Activated microglia have strong neurotoxic potential [36]. The observations of reduced expression of pro-inflammatory mediators in LPS+IFNγ-activated C/EBPβ-null glial cells, particularly microglia, prompted us to analyze whether the neurotoxic effects of LPS+IFNγ-activated microglia could be attenuated by C/EBPβ absence. To this aim, wild-type and C/EBPβ-null microglial cells were isolated and co-cultured with wild-type neurons.

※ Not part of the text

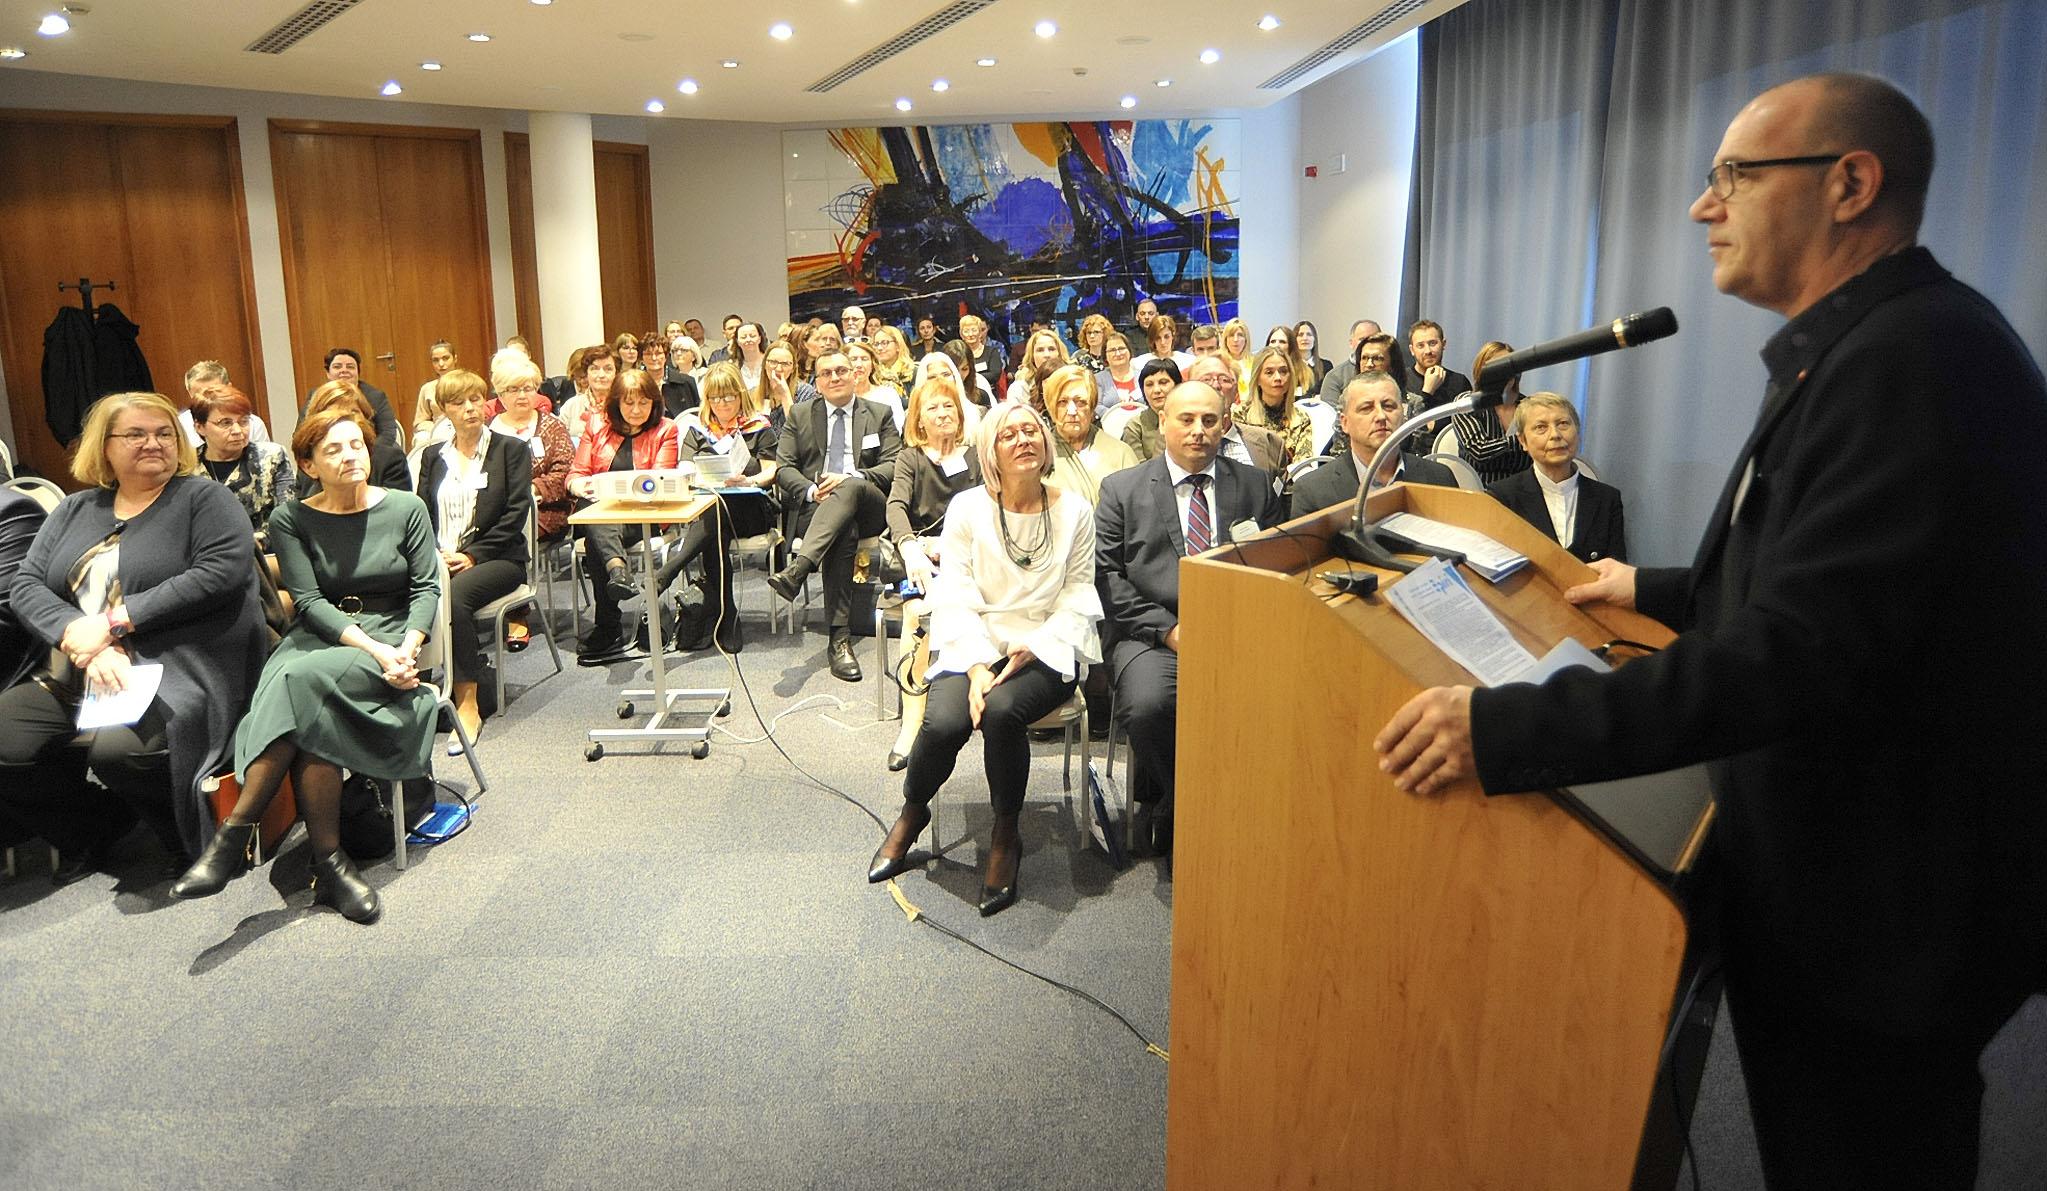 Na simpoziju sudjeluje više od 20 pozvanih predavača - prof. dr. Igor Prpić / Snimio Sergej DRECHSLER
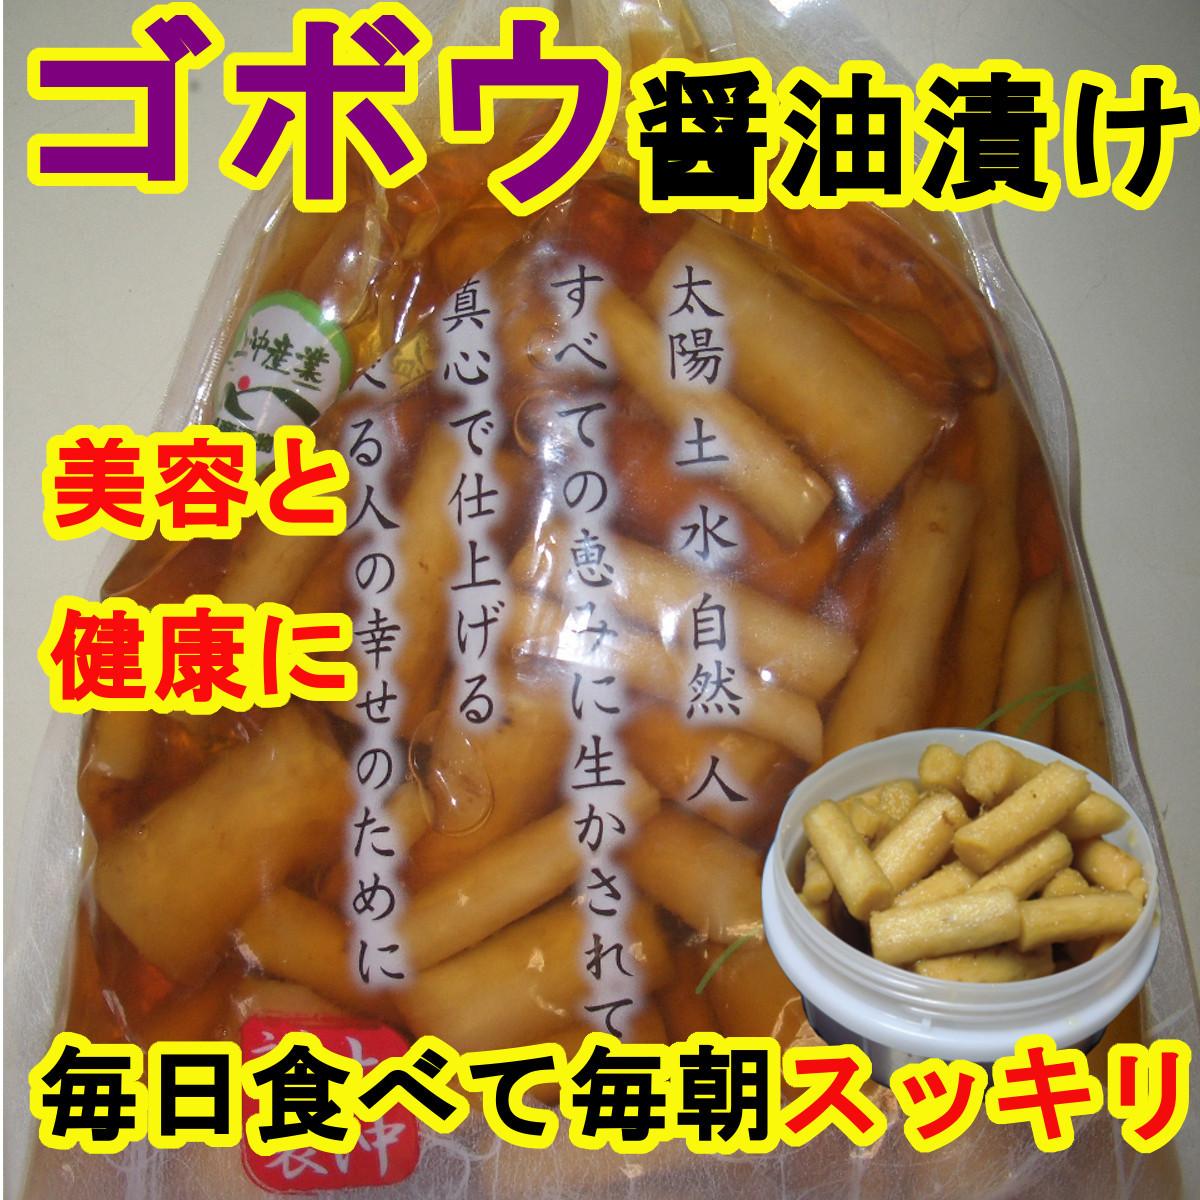 ゴボウの醤油漬け」20袋 ご飯のお供 宮崎県産ゴボウの漬物 おかず おつまみ お茶うけ 色んな料理の付合わせに 食べてスッキリ 送料無料 _画像5

No neuronal death was observed when neurons not co-cultured with microglia were treated with LPS+IFNγ or when neuron/wild-type microglia co-cultures were treated with LPS alone (data not shown). In contrast, LPS+IFNγ treatment of neuron/wild-type microglia co-cultures resulted in death of 51.2% of neurons, as estimated by MAP2/ABTS/ELISA (Figure 6). Interestingly, in neuron/C/EBPβ-null microglia co-cultures treated with LPS+IFNγ, MAP2 immunoreactivity levels were equal to control levels (Figure 6) indicating that the neurotoxicity induced by LPS+IFNγ-treated microglia was completely abolished in the absence of C/EBPβ. In this model, NO production plays a major role in the neurotoxicity elicited by activated microglia since the NOS2 inhibitor 1400W (10 μM) completely abolished neuronal death in LPS+IFNγ-treated neuron/microglia co-cultures (Gresa-Arribas et al, unpublished observations).